======== Task inputs
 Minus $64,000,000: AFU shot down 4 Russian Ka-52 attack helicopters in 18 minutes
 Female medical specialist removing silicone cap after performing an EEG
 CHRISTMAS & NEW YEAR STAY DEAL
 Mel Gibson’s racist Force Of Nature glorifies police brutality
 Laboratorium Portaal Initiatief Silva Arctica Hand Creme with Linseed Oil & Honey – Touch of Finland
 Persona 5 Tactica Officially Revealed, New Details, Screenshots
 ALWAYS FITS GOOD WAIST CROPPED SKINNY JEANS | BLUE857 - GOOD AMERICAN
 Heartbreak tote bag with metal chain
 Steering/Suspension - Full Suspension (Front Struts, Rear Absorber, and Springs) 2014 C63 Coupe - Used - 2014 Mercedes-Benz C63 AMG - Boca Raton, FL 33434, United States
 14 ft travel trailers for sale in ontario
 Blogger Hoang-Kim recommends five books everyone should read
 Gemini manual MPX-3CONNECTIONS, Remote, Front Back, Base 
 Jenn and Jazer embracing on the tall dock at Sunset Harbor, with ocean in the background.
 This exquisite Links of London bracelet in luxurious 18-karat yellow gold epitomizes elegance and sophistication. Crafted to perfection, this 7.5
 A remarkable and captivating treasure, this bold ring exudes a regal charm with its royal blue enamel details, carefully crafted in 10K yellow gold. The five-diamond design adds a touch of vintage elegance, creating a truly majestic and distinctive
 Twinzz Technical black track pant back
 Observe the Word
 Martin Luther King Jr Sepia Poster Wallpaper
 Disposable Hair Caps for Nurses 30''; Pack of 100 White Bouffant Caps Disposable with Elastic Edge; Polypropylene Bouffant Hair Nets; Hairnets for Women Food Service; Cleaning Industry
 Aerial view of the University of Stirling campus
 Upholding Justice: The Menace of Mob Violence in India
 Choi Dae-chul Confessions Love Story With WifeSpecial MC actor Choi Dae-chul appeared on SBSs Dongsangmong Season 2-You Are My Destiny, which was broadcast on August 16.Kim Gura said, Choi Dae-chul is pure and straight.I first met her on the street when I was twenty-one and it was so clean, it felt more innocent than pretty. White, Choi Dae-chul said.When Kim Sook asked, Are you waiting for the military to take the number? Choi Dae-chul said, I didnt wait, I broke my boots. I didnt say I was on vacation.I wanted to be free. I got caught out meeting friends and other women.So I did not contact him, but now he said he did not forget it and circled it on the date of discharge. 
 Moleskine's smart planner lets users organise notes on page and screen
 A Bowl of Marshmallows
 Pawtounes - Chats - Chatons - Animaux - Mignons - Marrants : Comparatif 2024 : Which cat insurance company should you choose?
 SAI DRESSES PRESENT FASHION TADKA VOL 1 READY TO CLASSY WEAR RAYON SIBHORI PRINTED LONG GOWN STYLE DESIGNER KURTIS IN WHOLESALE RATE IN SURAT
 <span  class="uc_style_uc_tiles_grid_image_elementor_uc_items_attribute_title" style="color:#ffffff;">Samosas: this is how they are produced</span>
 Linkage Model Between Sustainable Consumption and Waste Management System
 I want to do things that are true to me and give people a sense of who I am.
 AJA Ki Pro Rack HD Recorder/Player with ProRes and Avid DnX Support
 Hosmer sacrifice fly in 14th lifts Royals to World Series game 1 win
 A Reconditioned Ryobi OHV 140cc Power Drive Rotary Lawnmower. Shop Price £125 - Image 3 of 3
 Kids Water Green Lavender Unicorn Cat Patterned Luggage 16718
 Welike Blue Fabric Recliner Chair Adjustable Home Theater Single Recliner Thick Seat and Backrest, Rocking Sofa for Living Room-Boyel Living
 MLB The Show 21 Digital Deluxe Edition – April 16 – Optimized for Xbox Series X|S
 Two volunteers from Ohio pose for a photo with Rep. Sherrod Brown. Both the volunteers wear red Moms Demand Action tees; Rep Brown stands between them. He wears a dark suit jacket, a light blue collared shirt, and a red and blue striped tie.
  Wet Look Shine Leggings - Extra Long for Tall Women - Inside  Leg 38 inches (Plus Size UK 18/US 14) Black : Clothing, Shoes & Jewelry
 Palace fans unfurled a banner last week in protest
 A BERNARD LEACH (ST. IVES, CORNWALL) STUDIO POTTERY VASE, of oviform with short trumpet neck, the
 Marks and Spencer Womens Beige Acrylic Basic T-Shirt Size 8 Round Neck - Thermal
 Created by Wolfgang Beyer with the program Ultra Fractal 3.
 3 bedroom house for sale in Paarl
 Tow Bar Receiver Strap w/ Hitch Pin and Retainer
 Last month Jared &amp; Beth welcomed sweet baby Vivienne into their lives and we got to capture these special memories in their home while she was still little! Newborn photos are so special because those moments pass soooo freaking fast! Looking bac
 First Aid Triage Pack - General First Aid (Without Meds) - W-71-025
================
Problem details: Above are the lines; repeat exactly the ones from the line containing "Linkage Model Between" down to the line containing "Welike Blue Fabric", both inclusive.

Exercise output:
 Linkage Model Between Sustainable Consumption and Waste Management System
 I want to do things that are true to me and give people a sense of who I am.
 AJA Ki Pro Rack HD Recorder/Player with ProRes and Avid DnX Support
 Hosmer sacrifice fly in 14th lifts Royals to World Series game 1 win
 A Reconditioned Ryobi OHV 140cc Power Drive Rotary Lawnmower. Shop Price £125 - Image 3 of 3
 Kids Water Green Lavender Unicorn Cat Patterned Luggage 16718
 Welike Blue Fabric Recliner Chair Adjustable Home Theater Single Recliner Thick Seat and Backrest, Rocking Sofa for Living Room-Boyel Living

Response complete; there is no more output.